Could anyone else be our Wilber Clark? Two other dead candidates offer themselves on this page: Wilbur Clark, middle initial G., and Wilbar Clark, middle initial L., the latter lacking a spouse. Wilbar died in 1916, which is much too early; Wilbur, whose wife’s initial was H., died in 1923 in County No. 60, which is Alameda. By far the best match is the one whose name is actually Wilber Clark.

Presumably either Wilber or Elizabeth Clark, or both of them, got worn out—I would guess Wilber, since he was the elder—and so they moved to County No. 70, which is Imperial’s enemy, Los Angeles County, and died.

The 1930 census shows us a fifty-six-year-old head of household named Elizabeth Clark, widow. She owns her domicile, which happens to be a farm in Pasadena Township. She has not attended school in the previous year. She can read and write. She belongs to the white race. She was born in Homburg, Germany, and both her parents were also born in Germany. Her native tongue was German, but she can speak English. Her occupation is
poultryman.
She worked the day before the census taker came to her door.

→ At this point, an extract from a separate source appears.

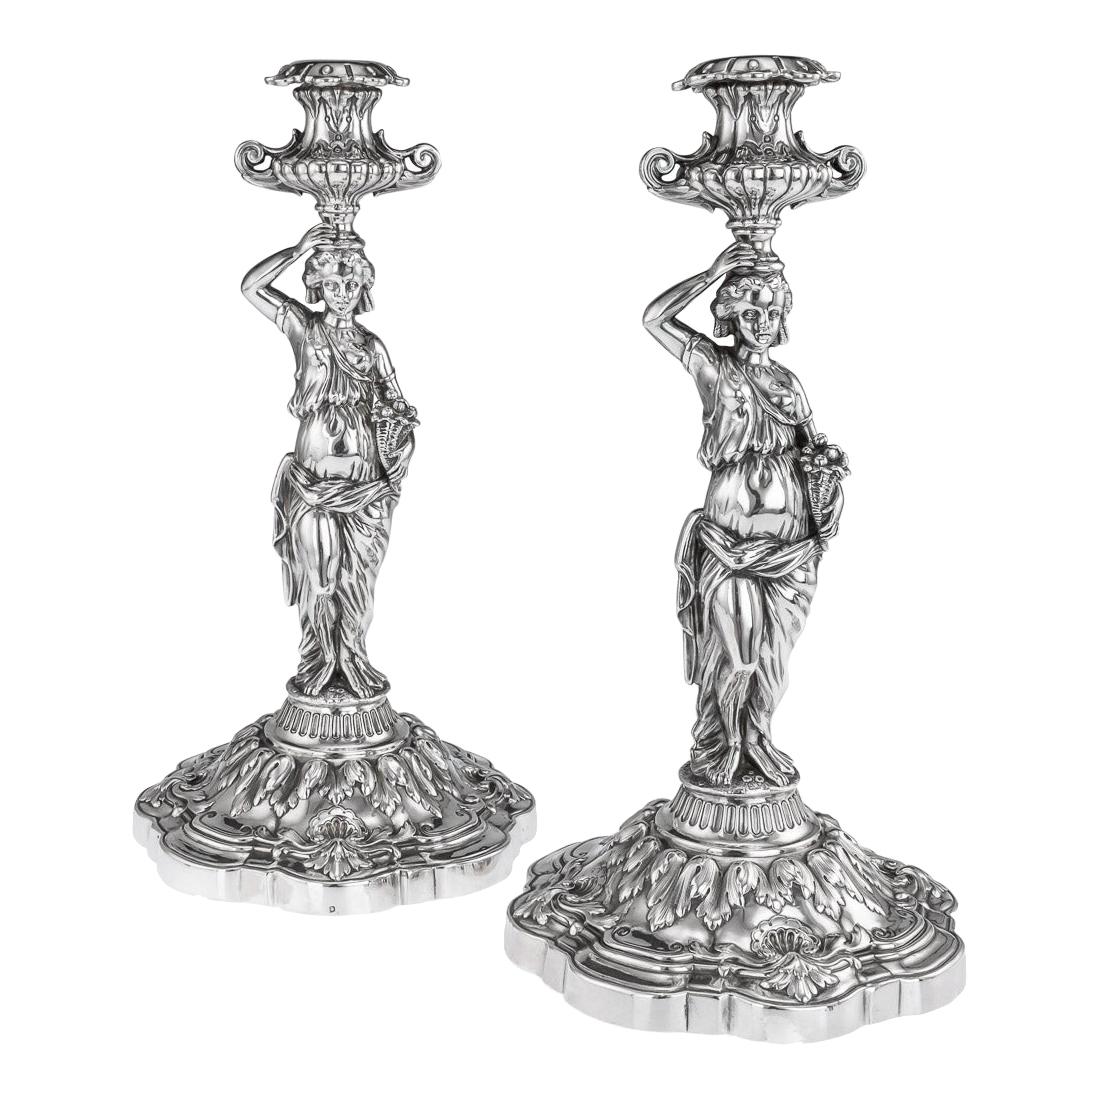 19th Century French Solid Silver Pair of Figural Candlesticks, Debain c.1880

Wilber Clark’s sister Margaret, now definitely Mrs. W. H. Dickinson, lived until 1942 and died in San Diego at about age seventy-seven.

One wonders whether when they sold out and departed the Imperial Valley it was with the emotions expressed in the song of that period:

Oh, Harvest Land—Sweet Burning Sand!
—As on the sun-kissed field I stand
I look away across the plain
And wonder if it’s going to rain—
I vow, by all the Brands of Cain,
That I will not be here again.

Chapter 42

MEXICALI (1904-1905)

Mexican lands are entitled to half the water that enters the Imperial Valley . . .
They have never taken it and probably never will take it.

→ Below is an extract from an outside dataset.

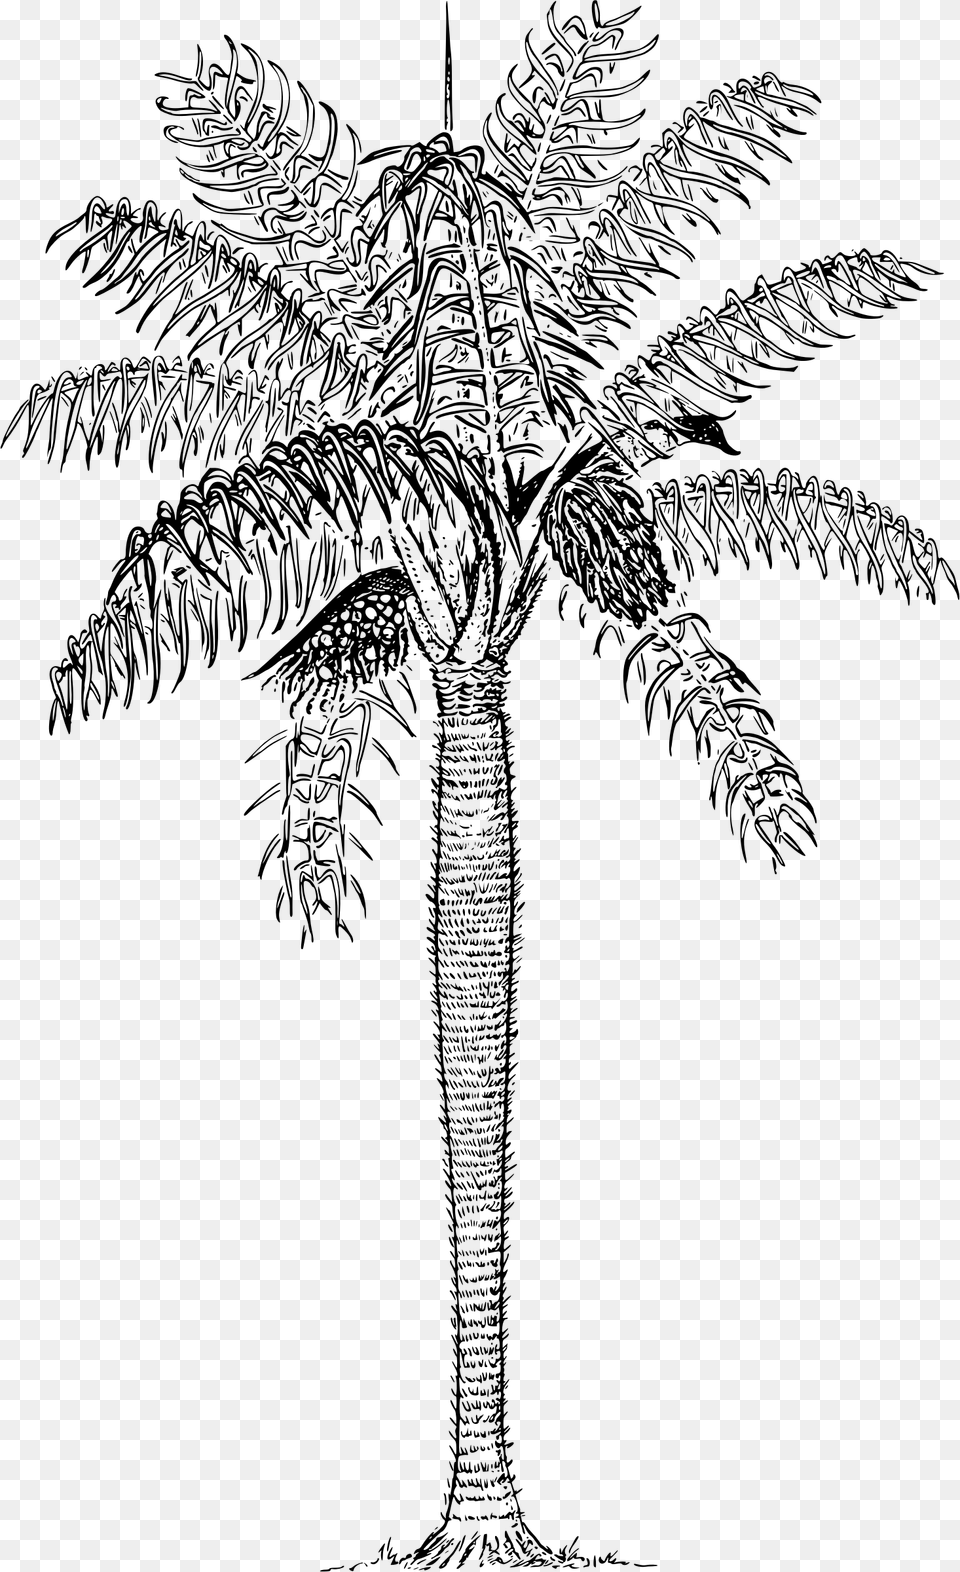 This Free Icons Design Of Prickly Palm, Gray Png

—The Los Angeles Times, 1925

 

 

 

 

A
horse and buggy far away, and a shaded profiled horse hitched to a wriggly palisade; a man standing in a doorway beneath a sign which, although bold, remains too small for me to make out despite my brand-new reading glasses—why didn’t I bring a photographic loupe to the archives?—a few edifices intermediate in character between huts and houses, facing off in two rows, with a wide wet street of dirt between them (wet because
WATER IS HERE
; Baja California has just now entered a forty-seven-year rainy spell, meaning that precipitation will be slightly above zero), a street which keeps coming toward me until it fills up the world; this is Mexicali in 1905, and the caption reads, of course, “Main Street.” The foreground of the street is in sharpest focus. The street displays its naked wagon-ruts which waver like a stripper’s hips; the street presents its sand, its silt and its little heaps of Imperial dirt. That’s all. Well, I forgot that one house is adorned by a dead tree whose top was snapped off by unknown agents.